Hey Joy Pathak. So I was reading your reply and correct me if i am wrong, the conclusion I seem to make is that these highly scientific highly advance mathematical techniques aka the ones I mentioned, Machine Learning, PDE, Signal Processing, are only present in the corporate firms such as DE Shaw, Renaissance and Winton Capital. From your post, it seems like these breed of quants have no place in the university. They need a Math PhD but can't find work at the Finance department. And maybe they take some finance classes but they are highly empirical. No room for fancy analysis there.
Thinking about it. It seems to be true thereby concluding that the path to those firm is very narrow confirming the common mandate that "scientist are going to Wall St". If such a method by some guy in the Electrical Engineering department found a way to make tons of money through automated trading, he'll probably only publish the scientific part and not the application part. Why? Not much use having a finance related application in the IEEE or ACM correct.
---------- Post added at 10:58 PM ---------- Previous post was at 10:52 PM ----------
If you are aiming for finance, do a PhD in a related area -- such as the numerical analysis of PDEs.
This seems to clear up a misconception which I also had early. I mean I read interviews saying people with a PhD in number theory going to finance because all those firms want the 'really smart people'. But then I thought to myself, PDEs seem SO MUCH closer to finance than number theory.
But may I enquire a little further. How much do you think a dissertation in PDE, and I mean the content in the dissertation itself, has applications in finance. I know it definitely varies depending on the title. Can there be a case where a guy, like me, spends 3 years writing a dissertation such that it has FULL applicability in quant trading. He can take the concept, code and run the algorithm.

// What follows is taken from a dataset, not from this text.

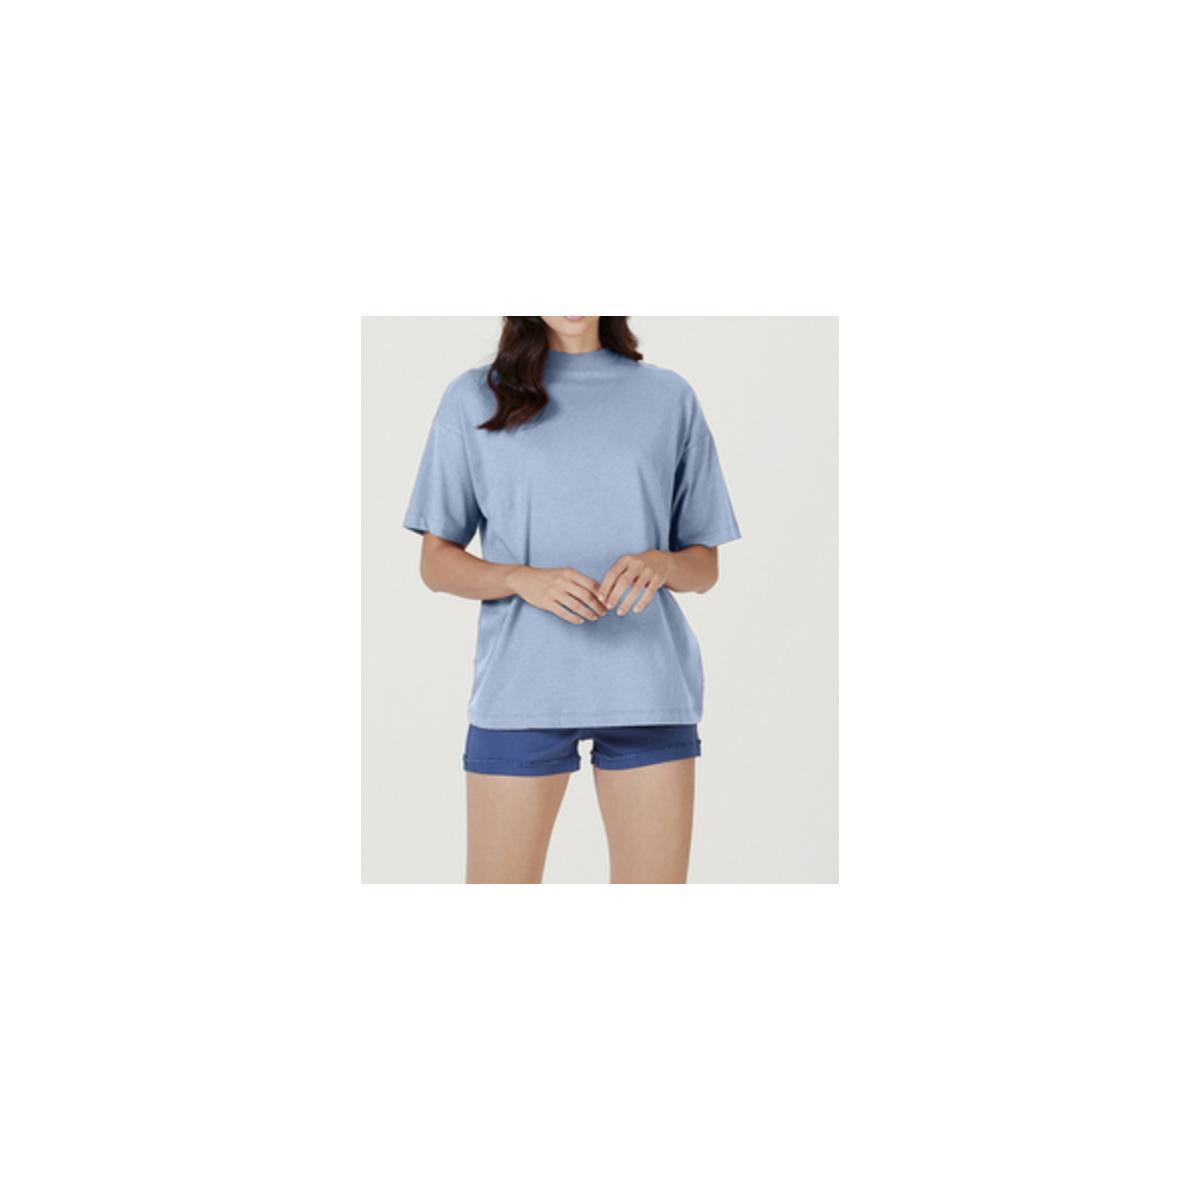 Blusa Feminina Hering 4ez7 Az8en Azul

Yes, PhD in PDE aid the learning. But can a revolutionary idea, deed worthy by faculty in the Math department, takes it origins from problems in finance. Because if such problems exist, the ones that come from finance but cast in math, I'm SURE to fire all abstract ideas - functional analysis, topology(?), differential geometry - at it. Just makes me happy knowing those otherwise unrelated classes have its uses later.
Thanks.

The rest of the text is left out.